Thursday, December 22, 2011

Chronicle of a crisis diffused?

My perception as a semi-informed layman of the latest chapter in the Eurozone crisis has been singular, and maybe worth recording.

For months, the supremely knowledgeable columnists on my favorite opinion page, the FT, along with many other observers, have played Greek chorus to an EU tragedy unfolding in several acts. Most recently, in the runup to the early December EU summit, Wolfgang Munchau, Martin Wolf, Philip Stephens and others have warned that the Eurozone is on the brink of avoidable doom. The most recent lament has been that the European Central Bank could at any given time end at least the immediate existential crisis by buying bonds Italian and Spanish government debt -- on the secondary market, since the EU charter apparently bans the ECB from buying the bonds directly. But the ECB's new president, Mario Draghi, like his predecessor, has demurred. The summit yielded only a pact for stricter enforcement of budget austerity standards, which does nothing to ease the pressure of rising interest rates.

Then, yesterday, I pick up some uncertainly-sourced snippet to the effect that banks are buying Italian and Spanish debt, those countries' interest rates are falling, and some are saying that the crisis may be over.  Yeahrright....

This morning, however, the Times' Floyd Norris brings those glimmers into focus:


Talk tough, and open the vaults.”

That should be the slogan of Mario Draghi, the president of the European Central Bank.

In recent weeks, the new president publicly insisted the central bank would never do any of the things that Germany opposed. The bank would not drastically step up its purchases of Spanish and Italian government bonds. It would not directly finance European governments. It would not backstop European rescue funds or print money that the International Monetary Fund could use to bail out governments.

It would do only what central banks normally do. It would lend to banks.

It turns out that may be enough to stem the European crisis for at least a few years, and go a long way to recapitalizing banks in the process.

Well, rub your eyes -- is it morning it Europe?  It seems that giving almost free money to the banks may effectively bail out their home governments:

There is no assurance that the banks will use all, or even most, of the money they borrowed, to buy government securities. It would be nice if some of it were lent to the private sector to spur growth and investment. But the logic of putting it in two- or three-year government notes is obvious.

Spanish two-year securities now yield about 3.6 percent, while Italian ones offer 5.1 percent. A bank that uses central bank money to buy them will clear the difference between those rates and 1 percent. The spread will be a little larger when the central bank lowers rates in a month or two. The securities will mature well before the loans come due.

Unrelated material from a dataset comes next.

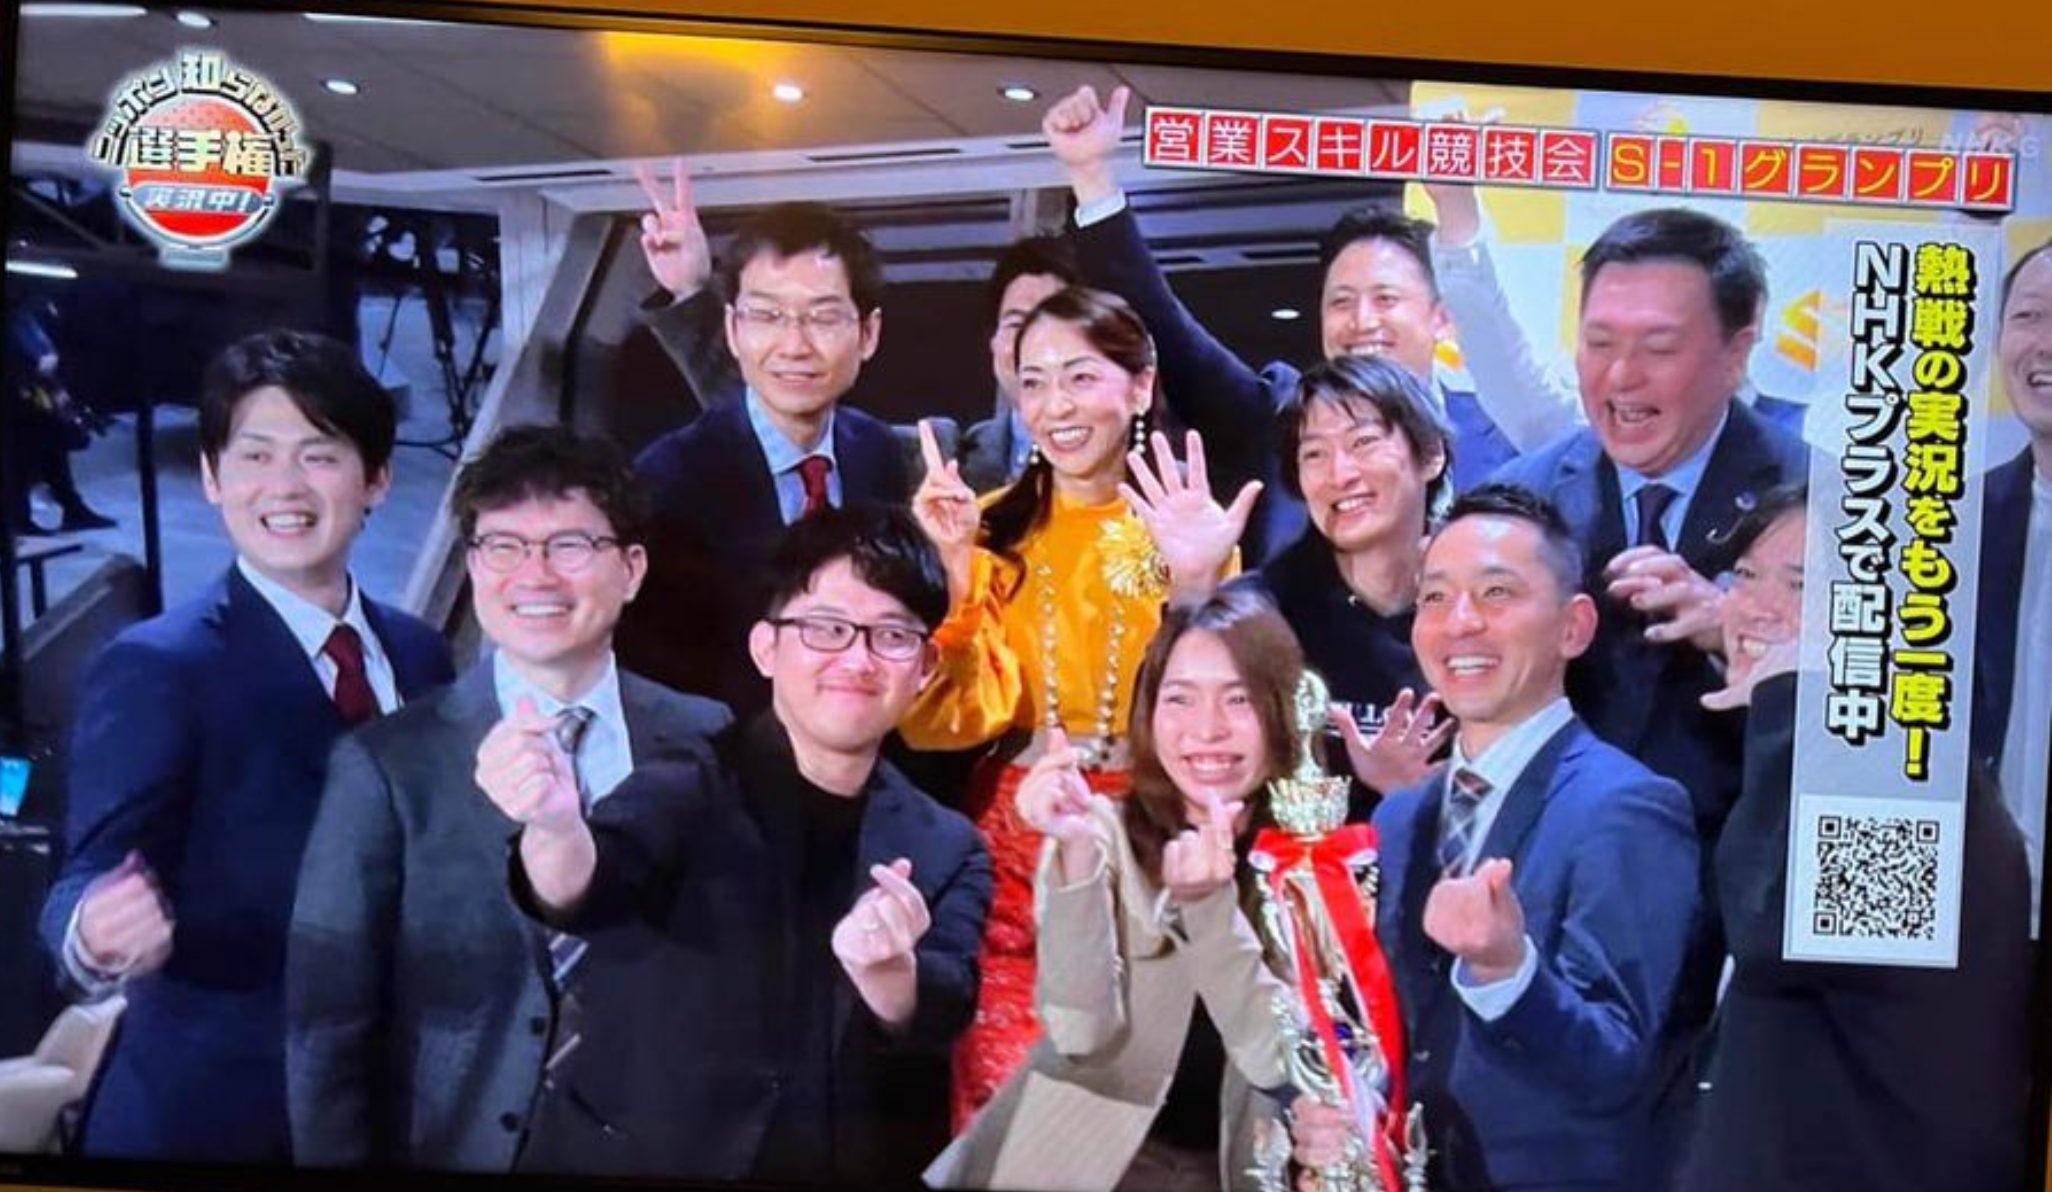 「S1グランプリ」NHK”ニッポン知らなかった選手権”にて単独放送

What can go wrong for a bank that follows that course? The obvious one is that the governments default. But for a Spanish bank owning Spanish bonds, or an Italian one with bonds from its government, that is really not a risk worth worrying about. They would be dead whether or not they had bought more bonds. 

Then, compounding the epistemological miracle, Paul Cassandra Krugman not only ratifies Norris's narrative, but effectively admits, that he, Krugman, was wrong -- or, if you prefer (or Krugman prefers!), that he was snookered by Draghi:
Regular readers may recall that I and others were adamant that it was essential for the ECB to step in and buy the debt of troubled governments, to head off what looked very much like self-fulfilling panic. The ECB refused to do that, and many of us took that refusal at face value — but the argument is that in reality it did the functional equivalent, lending very large sums to banks with sovereign debt as collateral, so that it was in effect doing the purchases we wanted, but laundering those purchases through banks...

The bottom line seems to be that Mario Draghi is a consummate eurocrat. I’ve always kind of enjoyed talking to eurocrats, who always seem to be implying something they aren’t saying; in this case he may have managed to say one thing while doing something else, and the thing he actually did was just what people like me have been urging.
If the pressure on the bond yields of stressed  Eurozone countries really is durably eased, that could be an even greater Christmas present to Obama than the House's hissy fit over the payroll tax cut extension. Perhaps the Euro will still prove a failure, as Martin Feldstein argues at length in the current Foreign Affairs (behind a paywall, and I'm putting off finishing it until this evening).  All I ask for the present is that the EU stave off collapse until Nov. 7, 2012.